Шафер напустил на себя смущенный вид, словно бы самая мысль о подарке вводила его в смущение.
— И все же,— поспешил Белаква подтвердить свое желание проявить благородство и утонченность духа,— мне было бы приятно, если бы ты согласился принять оригинал рукописи моей книги "Hypothalamion"[183]
, откорректированную, с автографом, с датой, с дарственной надписью, переплетенную в кожу, облагороженную временем. Ну, по крайней мере, часть обложки будет в коже. Подойдет такой подарок, а?Кэппер Квин, ибо именно так мы будем его называть, известный в кругу его почитателей под прозвищем "Волосатик" — на самом деле он был почти начисто лишен волосяного покрова,— а в женских кругах его называли "Крошкой", хотя размеров он был огромных, был не просто холостяк, что позволяло ему играть роль шафера Белаквы, не нарушая никаких правил этикета, связанных с исполнением шаферских обязанностей, но еще и одним из тех, кого принято называть "начинающими писателями", что объясняет ту живость, с которой он стал выражать согласие принять от Белаквы литературный подарок. Он чуть ли не задыхался от благодарности.
— Это... это... я и не представлял... ты так... ну, просто...— спотыкаясь на каждом слове и хватая ртом воздух, пытался высказать Кэппер свое восхищение. Надо сказать, что и не будучи взволнованным, Квин испытывал некоторые затруднения в выражении даже простых мыслей, а для того, чтобы выстроить предложение подлиннее, в котором имелись бы такие его составляющие, как подлежащее, сказуемое, дополнение и обстоятельства, ему понадобились бы карандаш и лист бумаги.

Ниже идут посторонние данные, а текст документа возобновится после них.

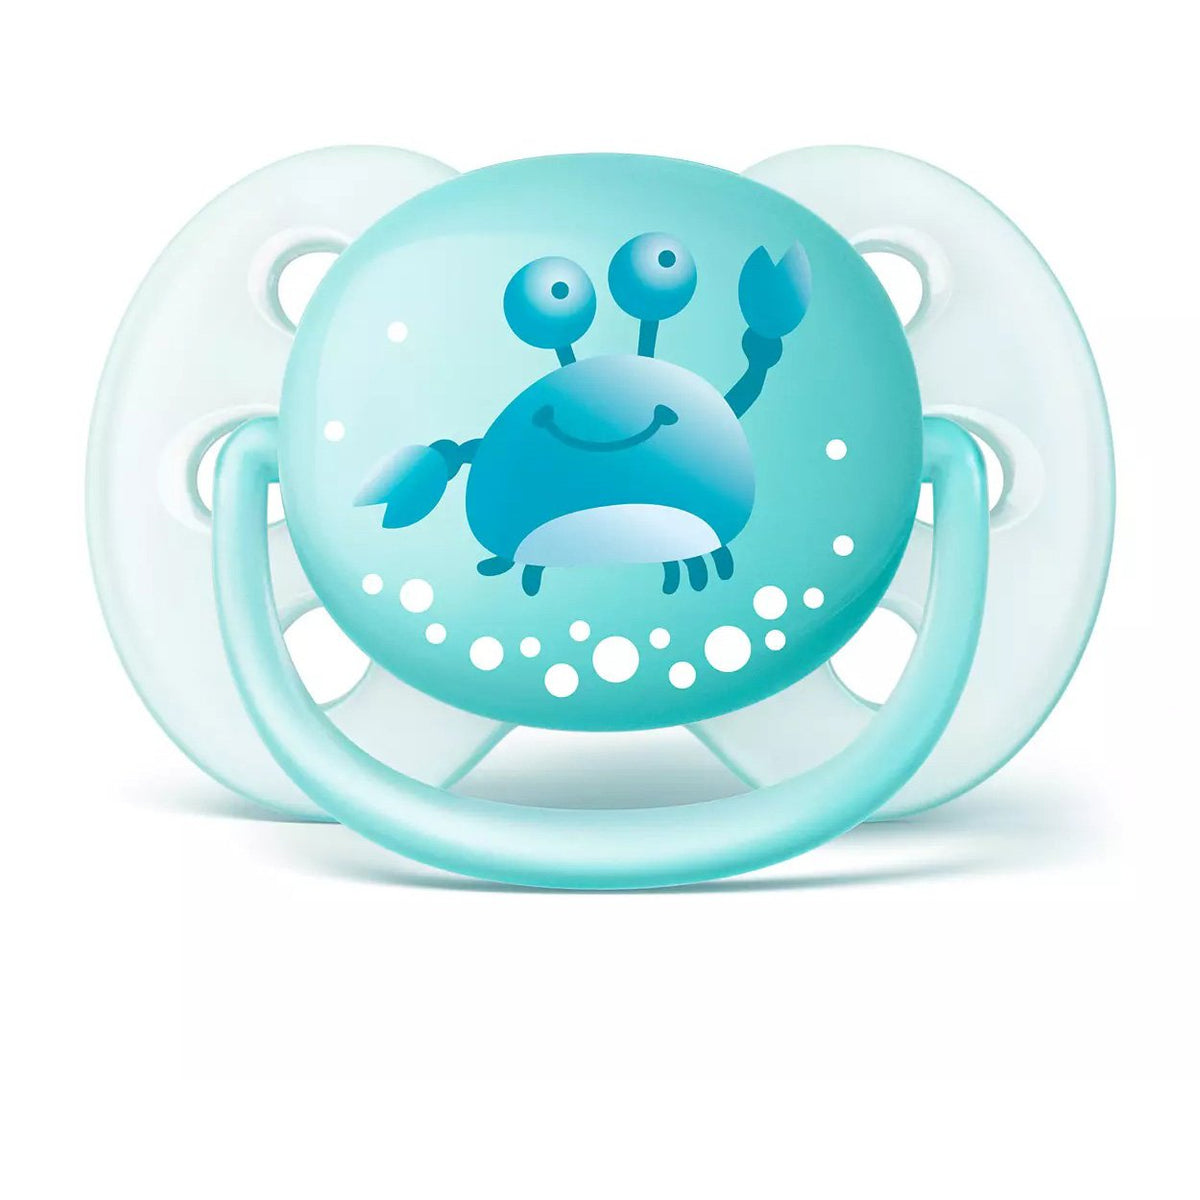 philips-avent-ultra-soft-pacifier- (5)

— Кэппер,— прервал Белаква бульканье Квина,— можешь ничего больше не говорить. Я и так понял, что мой подарок придется тебе по вкусу. Я закажу переплет, ну, и сделаю все остальное, что обещал.
Несколько отдышавшись от попыток выразить свой восторг, Квин поднял руку в знак того, что он хочет еще что-то сказать.
— Да, слушаю? — вежливо спросил Белаква.
— Коза, облагорозенная временем? — Квин шепелявил и испытывал трудности в произношении многих других звуков,— Я правильно понял?
— Ну, в общем, да,— несколько неуверенно подтвердил Белаква.
— Серо-селёная? — воскликнул Волосатик и стал всхлипывать от восторга.— Да?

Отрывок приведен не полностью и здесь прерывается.